_What is being asked_. Nothing in the data should change when you return it, but leave the pictures out.

_Data block_.
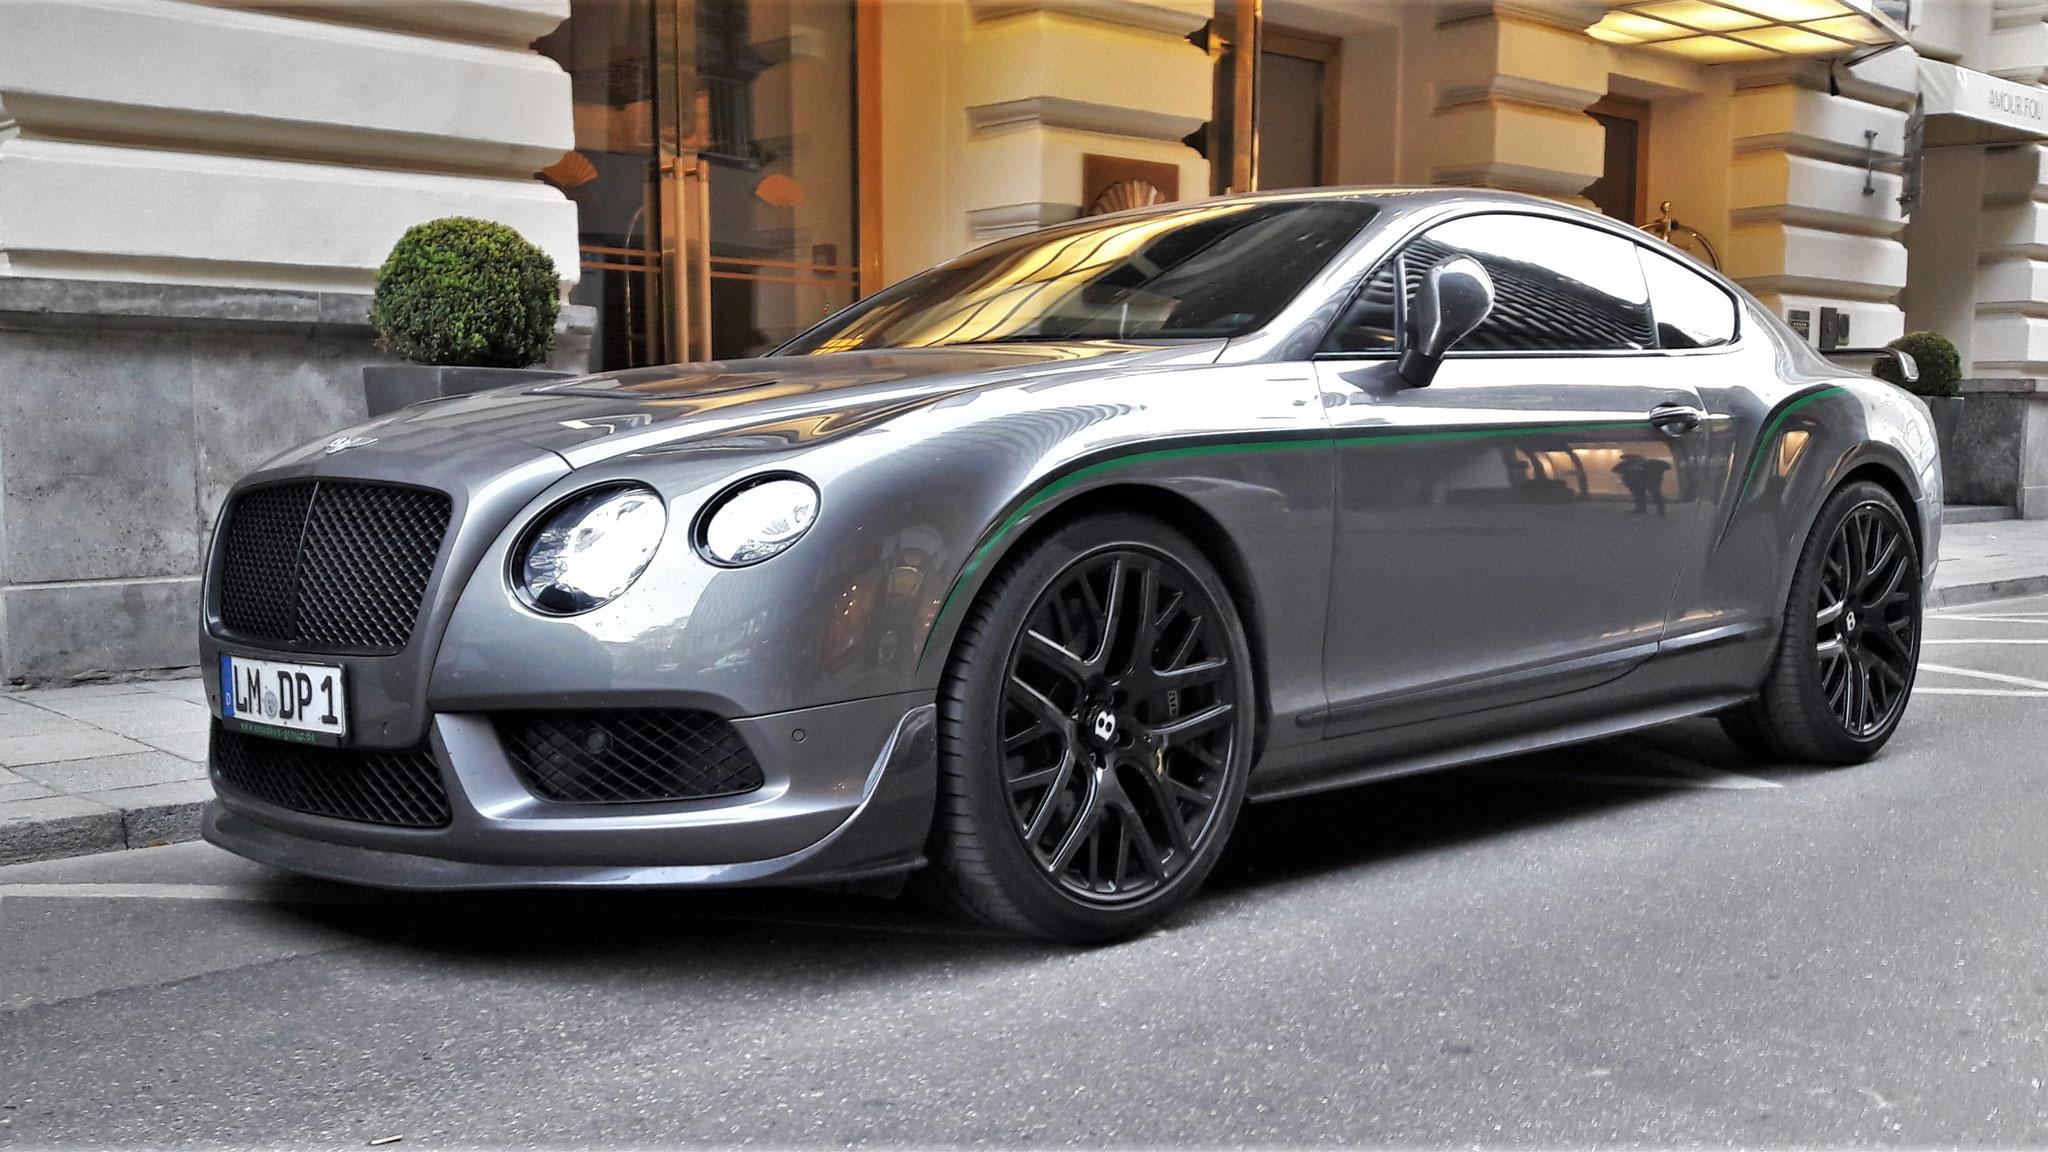 Bentley Continental GT3 R - LM-DP-1
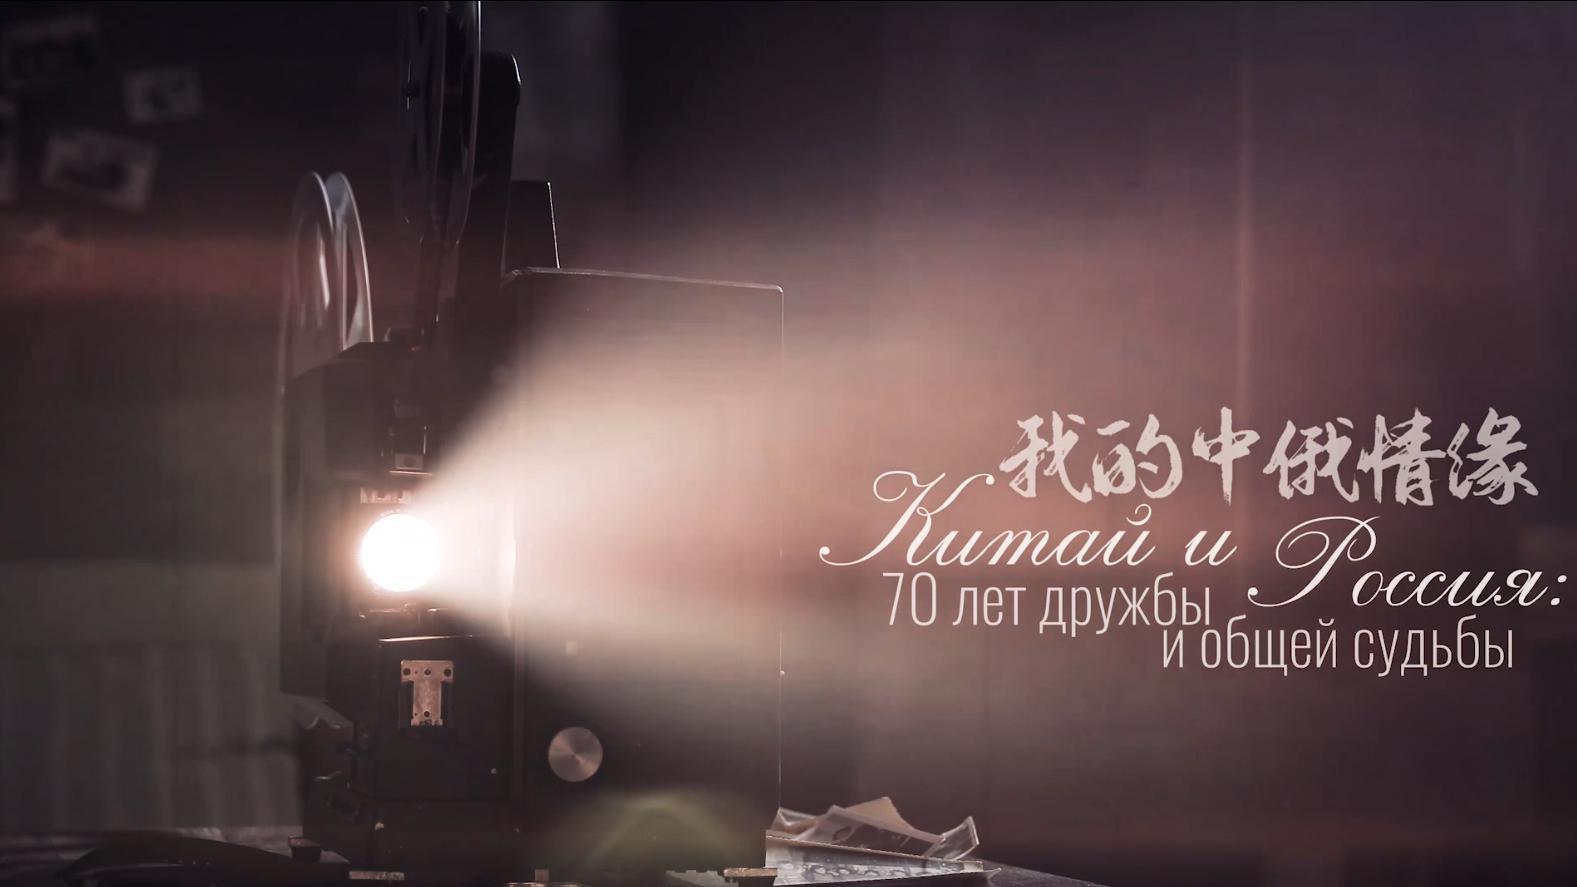 【辉煌七十载老外在中国】鲁登科:未来定将一片光明
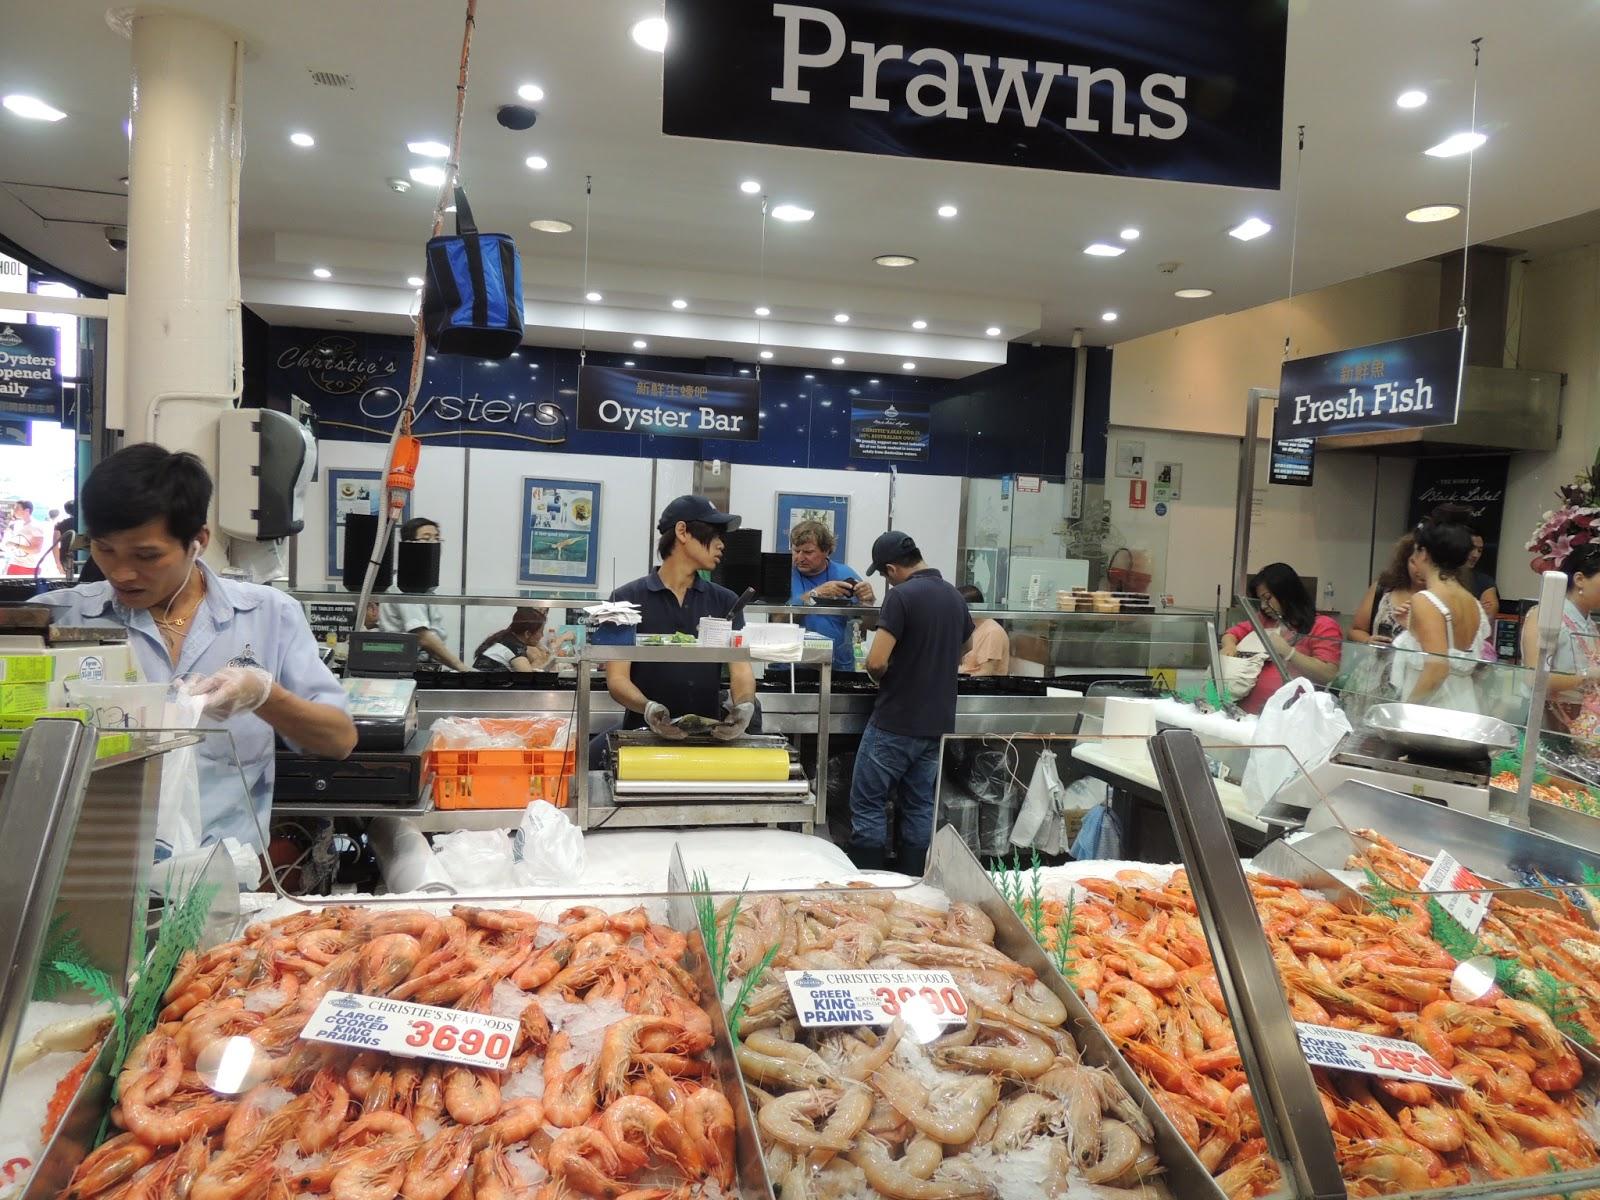 Dancing queen sydney fish market for Fish market queens
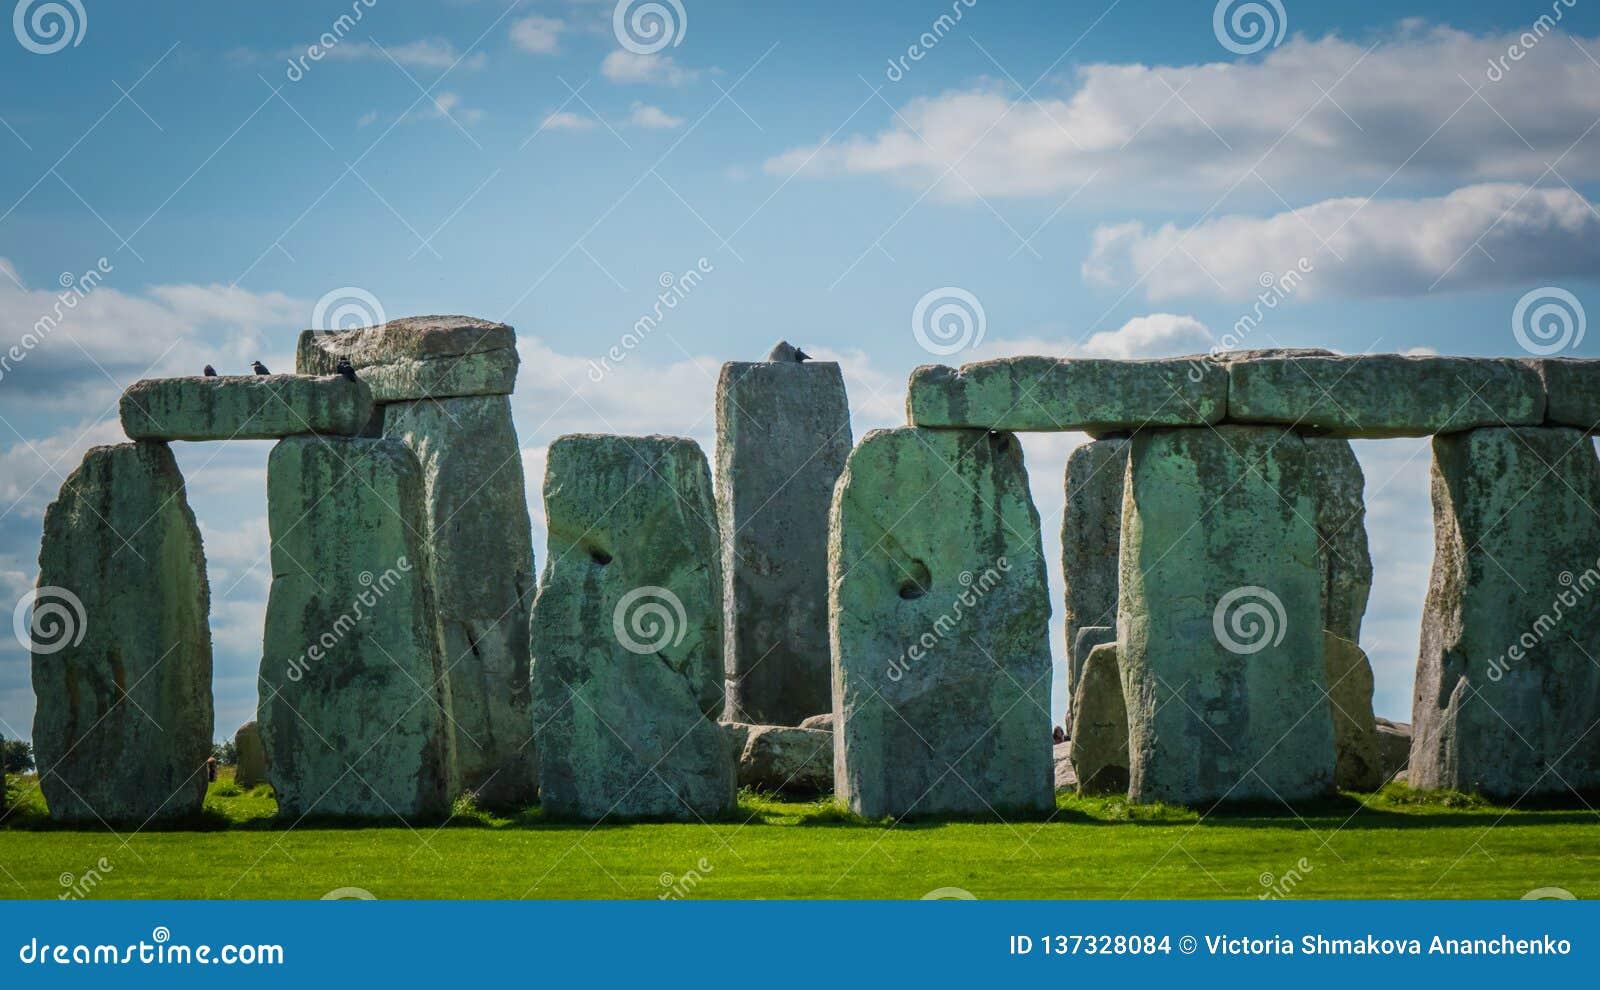 Наследие ЮНЕСКО Стоунхендж в конце Великобритании вверх по фото

_Your response_.
 Bentley Continental GT3 R - LM-DP-1
 【辉煌七十载老外在中国】鲁登科:未来定将一片光明
 Dancing queen sydney fish market for Fish market queens
 Наследие ЮНЕСКО Стоунхендж в конце Великобритании вверх по фото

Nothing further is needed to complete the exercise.